I took a university class on said book last year, held by one of the authors Prof. Tobias Nipkow.

Its a fascinating introduction into general program semantics, formal analyses and proofs for program properties. During the lecture I struggled somewhat as I didn‘t really have sufficient background knowledge for it to run smoothly. But all the concepts are supported by, well, concrete examples which you can immediately try to solve in Isabelle. So I definitely recommend giving it a go!

It was an eye-opening experience for me, especially since I never really looked into formal program analysis.

I would like to get into formal methods but I am kind of confused.
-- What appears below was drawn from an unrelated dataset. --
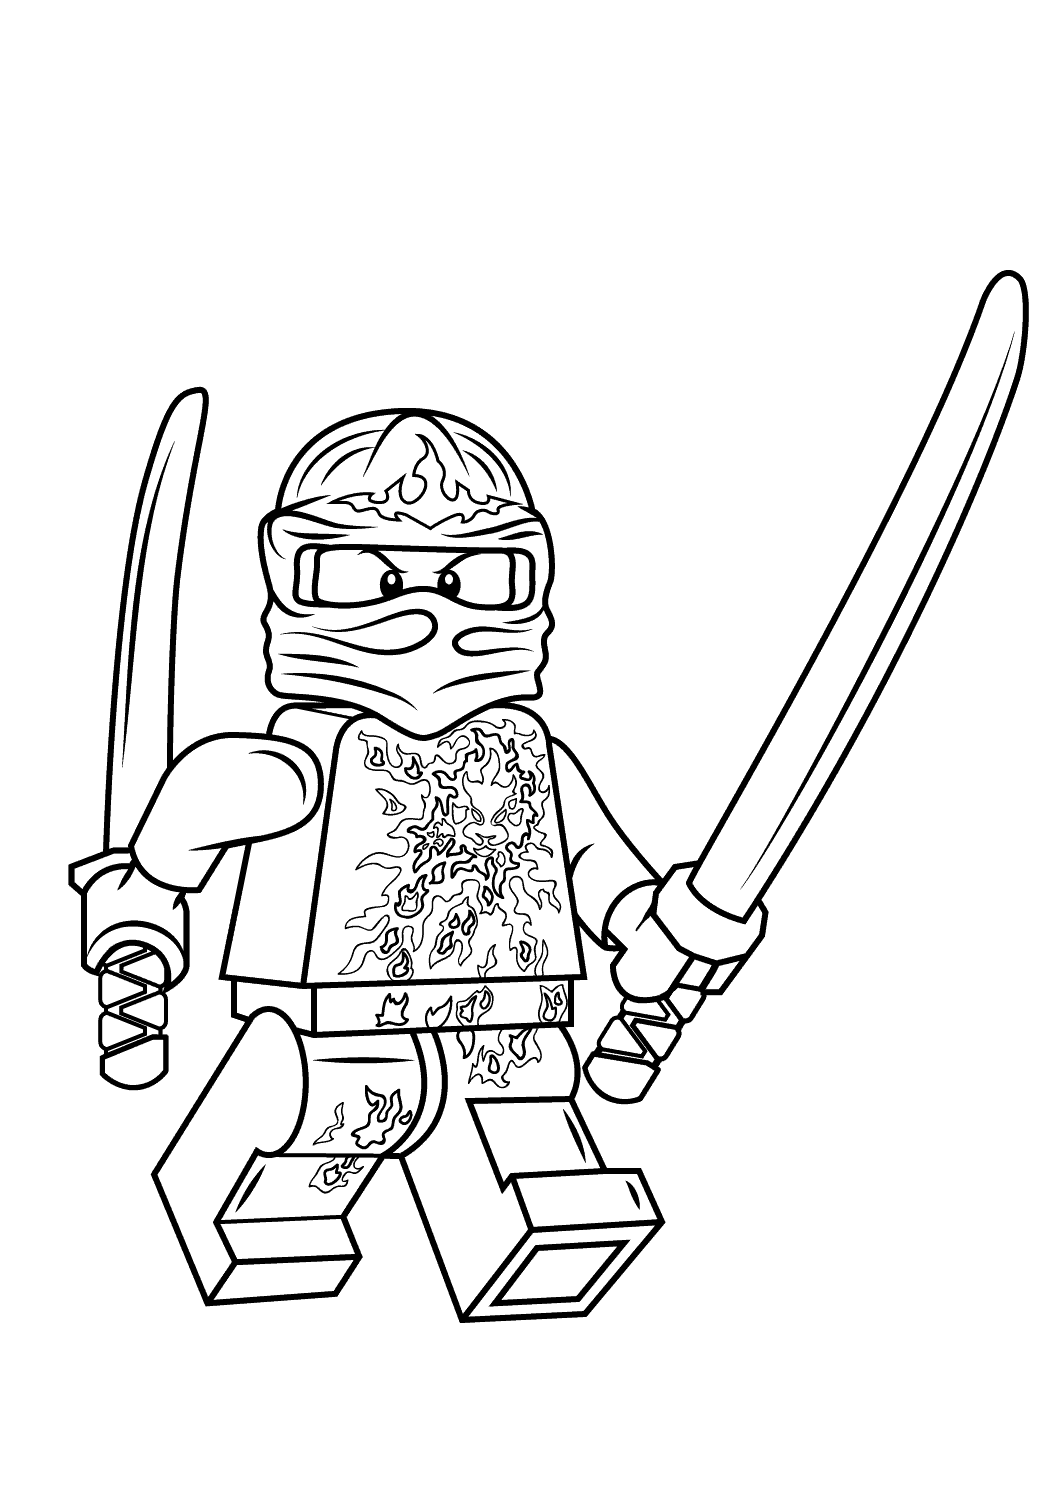 Kai from Ninjago holds Golden swords on his hands Coloring Pages

What's the difference between TLA+, Coq & Isabelle?

Is there one should I prefer over the other? Or do they individualy satisfy distinctive purposes?

I am no expert, but Coq and Isabe le "feel" very similar at first, but Isabelle seems to provide much more powerful tools for proof automation than Coq. Isar, Isabelle's proof language, tries to be close to natural language proofs which makes it more intuitive.

I really wish Coq had equally powerful automation tools and a more intuitive proof language, because it feels much more of a solid language and I really liked that the clear relation of types <-> statements, terms <-> proofs, type checking <-> proof verification; including the ability to print the raw proof terms of theorems.